The same can be said if your developers don't know how to build applications:

- without using syntax highlighting ...

- without using autocomplete ...

- without using refactoring tools ...

- without using a debugger ...

Why do we not care about those? Because these are commodity features. LLMs are also a commodity now. Any company with a few GPUs and bandwidth can deploy the free DeepSeek or QwQ models and start competing with Anthropic/OpenAI. It may or may not be as good as Claude 4, but it won't be a catastrophe either.

Those examples are all either zero cost or "buy once, use forever." How is that an argument against outsourcing your core competency to third party in perpetuity?
It's an argument against the original argument:

> you're at the mercy of the AI companies

You are not at the mercy of anyone. There are capable, open models that are self-hostable. For example, JetBrains IDEs come with a free local model [1] that runs on your CPU, which is exactly "buy once, use forever". If you want a bit more oomph a consumer level Nvidia GPU or Apple Silicon is sufficient.

> outsourcing your core competency to third party

I don't think my core competency is remembering obscure syntax, or being able to perform repetitive tasks. But if that's true, then I'm screwed anyway. My employer can simply pay an AI company 100 bucks a month and fire me. My own resistance against using LLMs won't change anything. The only logical thing to do would be to accept that my core competency is no longer valuable, and find another core competency.

[1] https://www.jetbrains.com/junie/

This is true of any SaaS vendor
I 100% agree with you except your framing makes it sound like the model providers are doing something wrong.

If I spend a ton of money money making the most amazing ceramic dinner plates ever and sell them to distributors for $10 each, and one distributor strikes gold in a market selling them at $100/plate, despite adding no value beyond distribution… hell yeah I’m cutting them off and selling direct.

I don’t really understand how it’s possible to see that in moral terms, let alone with the low-value partner somehow a victim.
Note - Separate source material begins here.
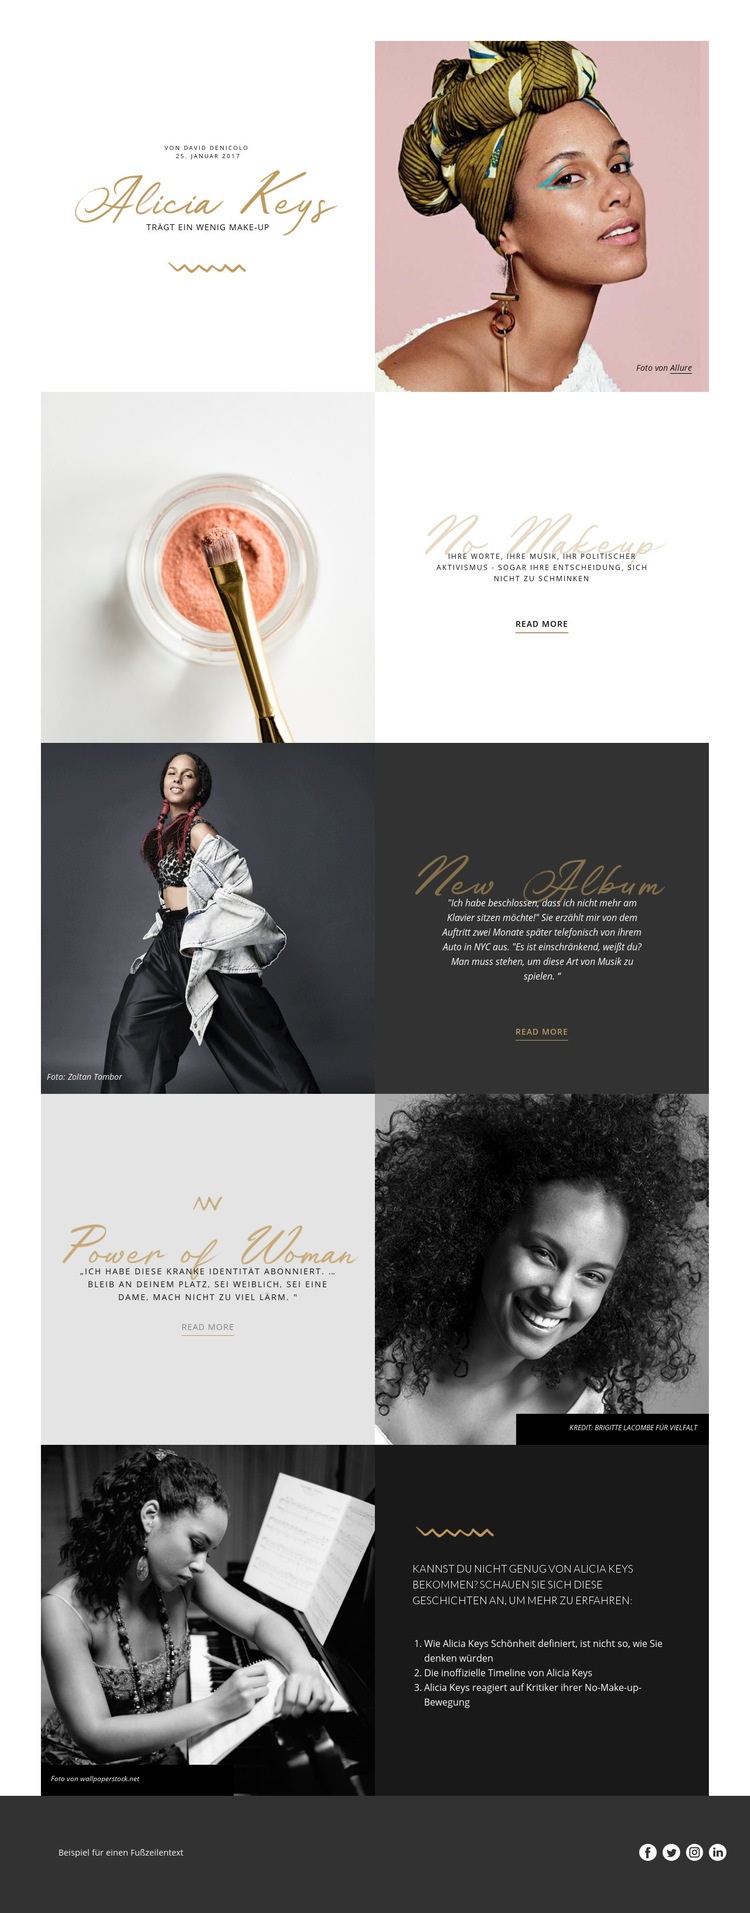 Alicia Keys Website design

I don’t think it is at all clear that Windsurf adds zero value. Why do you think this is a helpful analogy?
The analogy is a bit like this. Imagine that there are 100 ceramic dinner plates for $6 each. Now someone comes in and buys them from you for $5 each - undercutting your margin. Then a 3rd company comes in and literally eats your lunch on your own ceramic dinner plates. The moral of the story is any story involving ceramic dinner plates is a good one, regardless of the utility of any analogy.
Or AWS, and AWS managed services v.s. other managed services on top of AWS.